Berbicara secara terpisah di televisi pemerintah Rusia, Balitsky mengatakan stasiun itu adalah rumah bagi 'ribuan ton limbah nuklir'.
Kecelakaan 'akan membuat wilayah itu tidak layak huni,' tambahnya.
Badan nuklir Ukraina, Energoatom, membalas, mengklaim bahwa 'Rusia menembaki pembangkit listrik tenaga nuklir Zaporizhzhia lagi,' dalam sebuah pernyataan.
'Lima serangan tercatat di area kantor komandan stasiun, yang terletak di sebelah area pengelasan dan penyimpanan sumber radiasi,' lanjutnya.
Bahaya bencana radiasi baru datang menjelang pertemuan darurat Dewan Keamanan PBB untuk mengatasi kekhawatiran global atas fasilitas yang dijadwalkan hari ini.
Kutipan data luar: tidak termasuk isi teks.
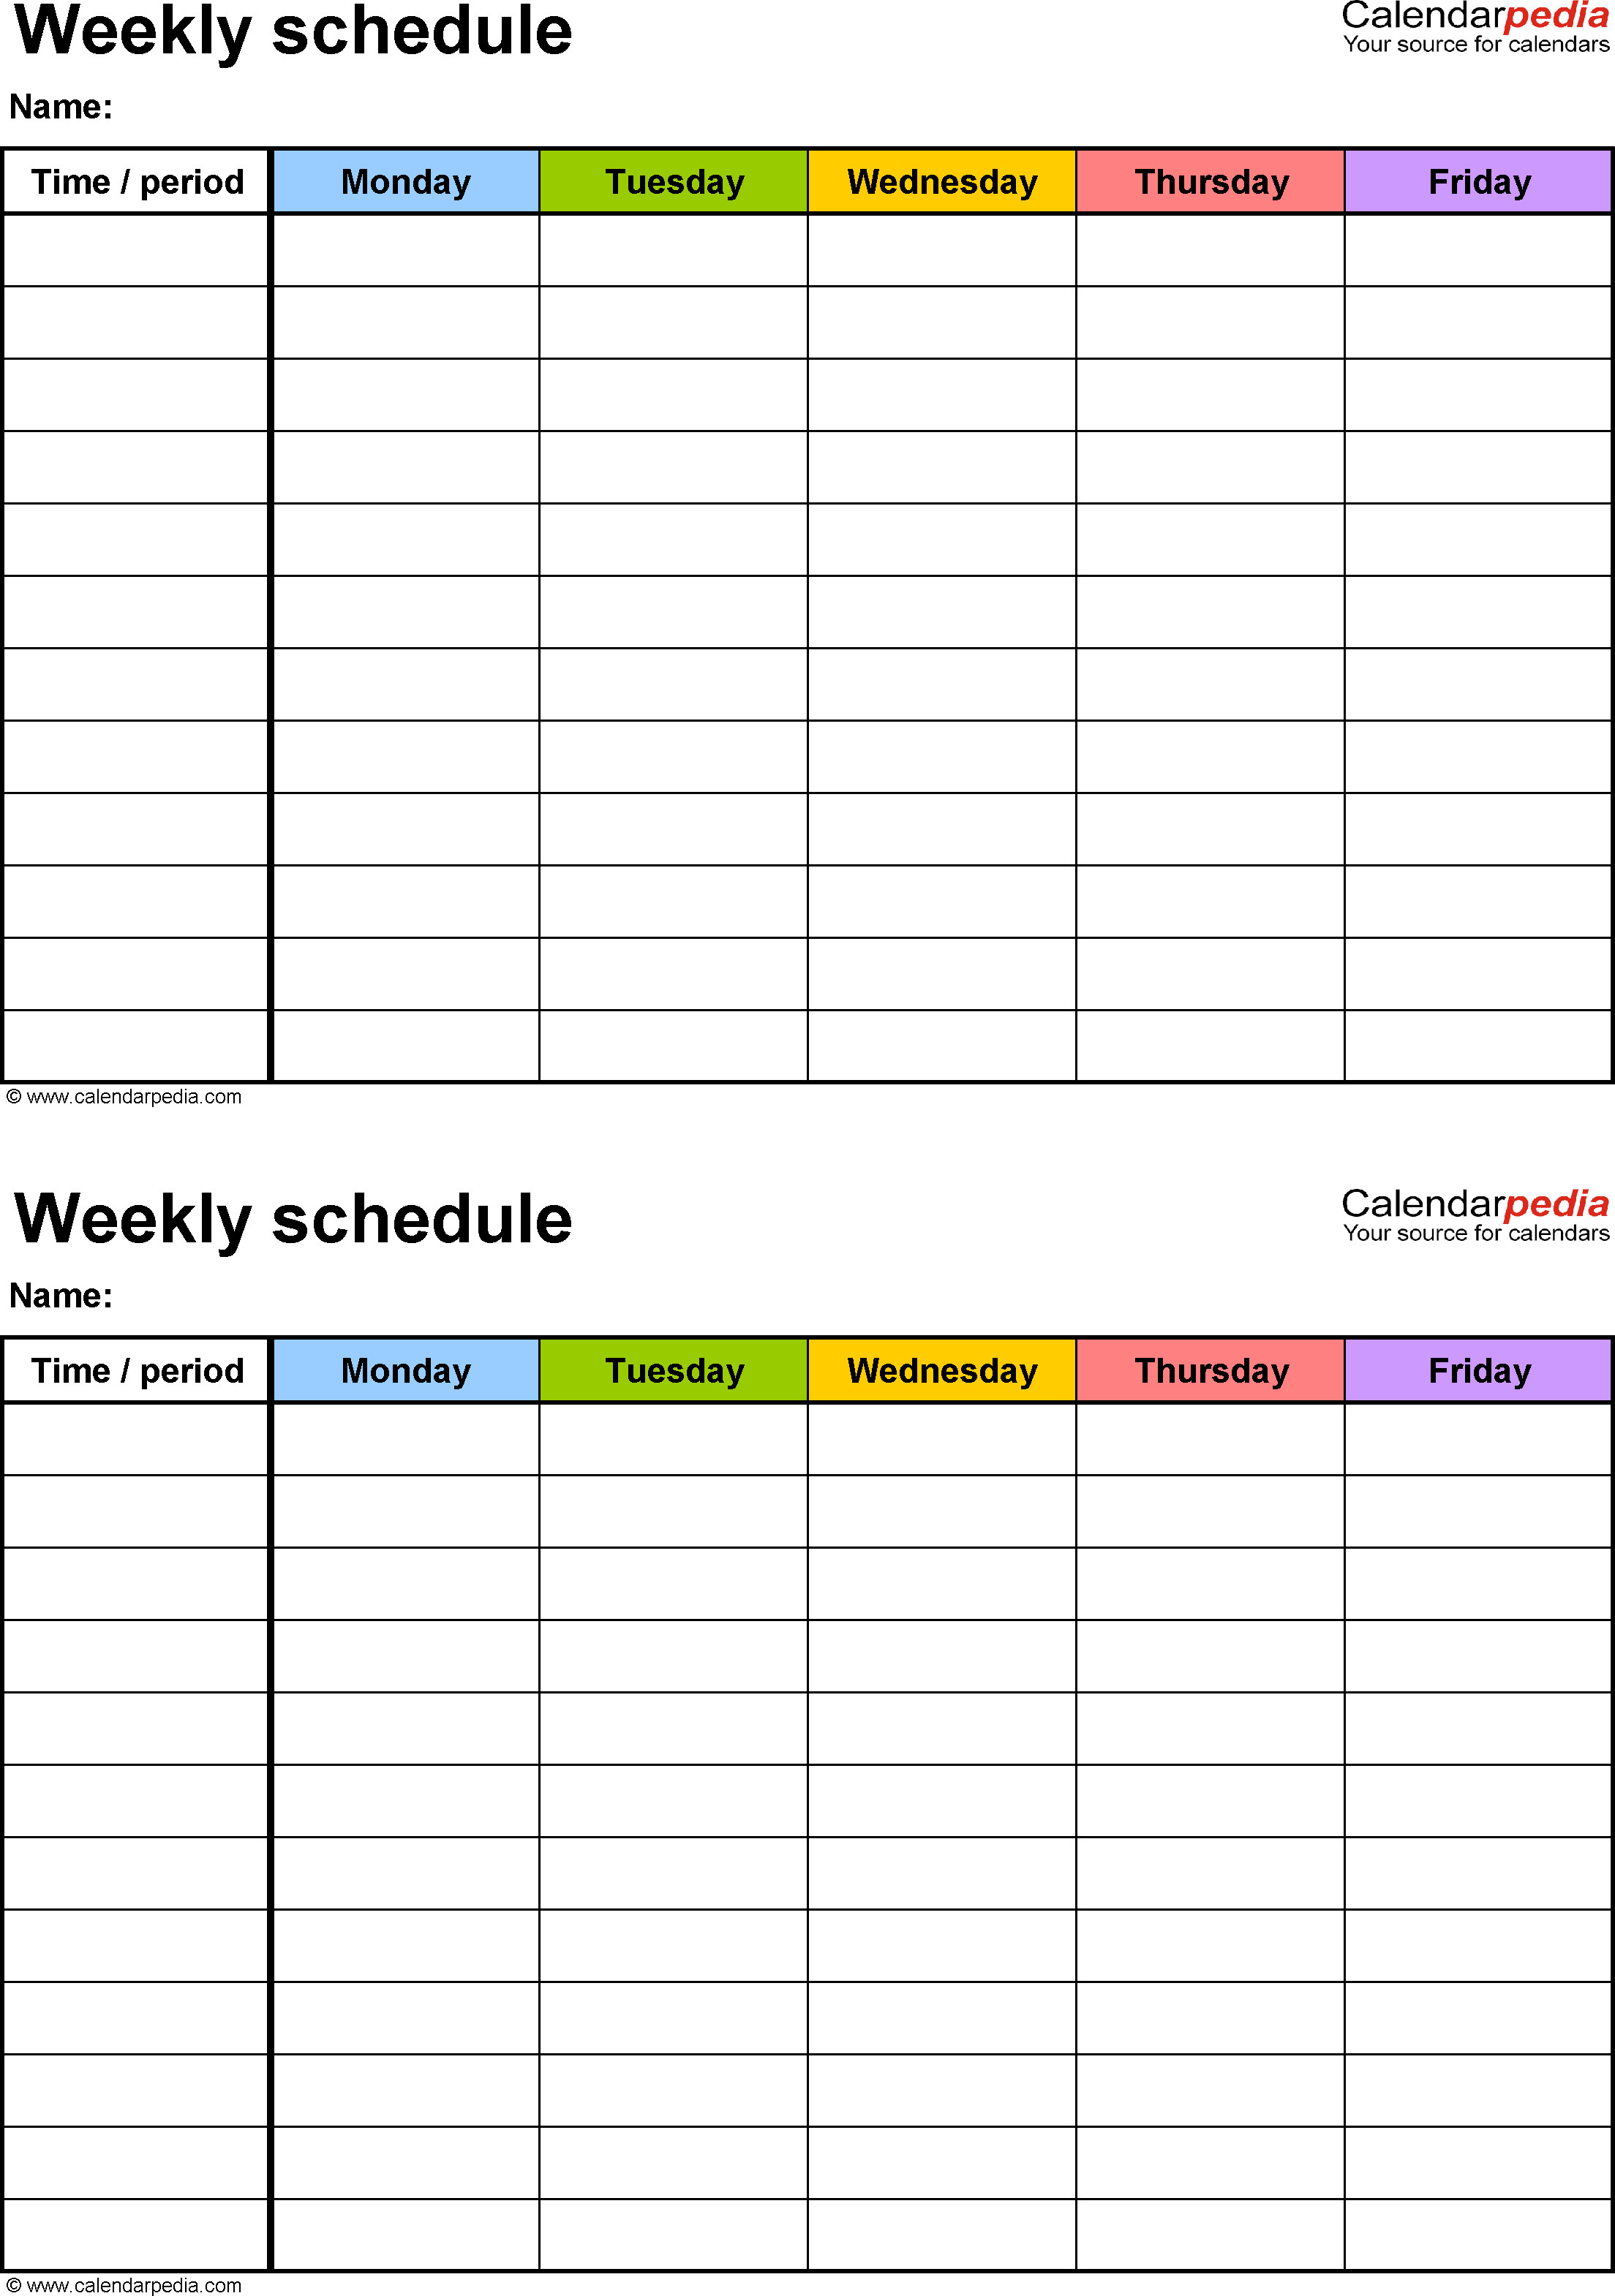 Monthly Schedule Template Excel Free Weekly Schedule Templates for Excel 18 Templates

Baca juga: Ukraina Tuduh Rusia di Balik Penembakan Pembangkit Listrik Tenaga Nuklir Zaporizhzhia
Pabrik era Soviet di Ukraina selatan ditangkap oleh pasukan Rusia pada awal Maret - tak lama setelah Moskow melancarkan invasi dan tetap berada di garis depan sejak saat itu.
"Rusia telah mengubah stasiun nuklir menjadi medan perang," kata Zelensky, berbicara pada konferensi donor Ukraina di Kopenhagen melalui tautan video.
Dia menyerukan sanksi yang lebih kuat terhadap Rusia dengan mengatakan itu adalah 'negara teroris' - pada hari yang sama ketika anggota parlemen Latvia mengadopsi resolusi yang menyebut Rusia sebagai 'negara sponsor terorisme'.
Pernyataan itu mengatakan tindakan Rusia di Ukraina merupakan 'genosida yang ditargetkan terhadap rakyat Ukraina' dan mengatakan penggunaan kekerasan terhadap warga sipil harus dianggap sebagai 'terorisme'.
Menteri Luar Negeri Ukraina Dmytro Kuleba memujinya sebagai 'langkah yang tepat waktu' dan mendesak negara-negara lain untuk mengikutinya, sementara juru bicara kementerian luar negeri Rusia Maria Zakharova menyebutnya 'xenophobia'. (DailyMail/TASS)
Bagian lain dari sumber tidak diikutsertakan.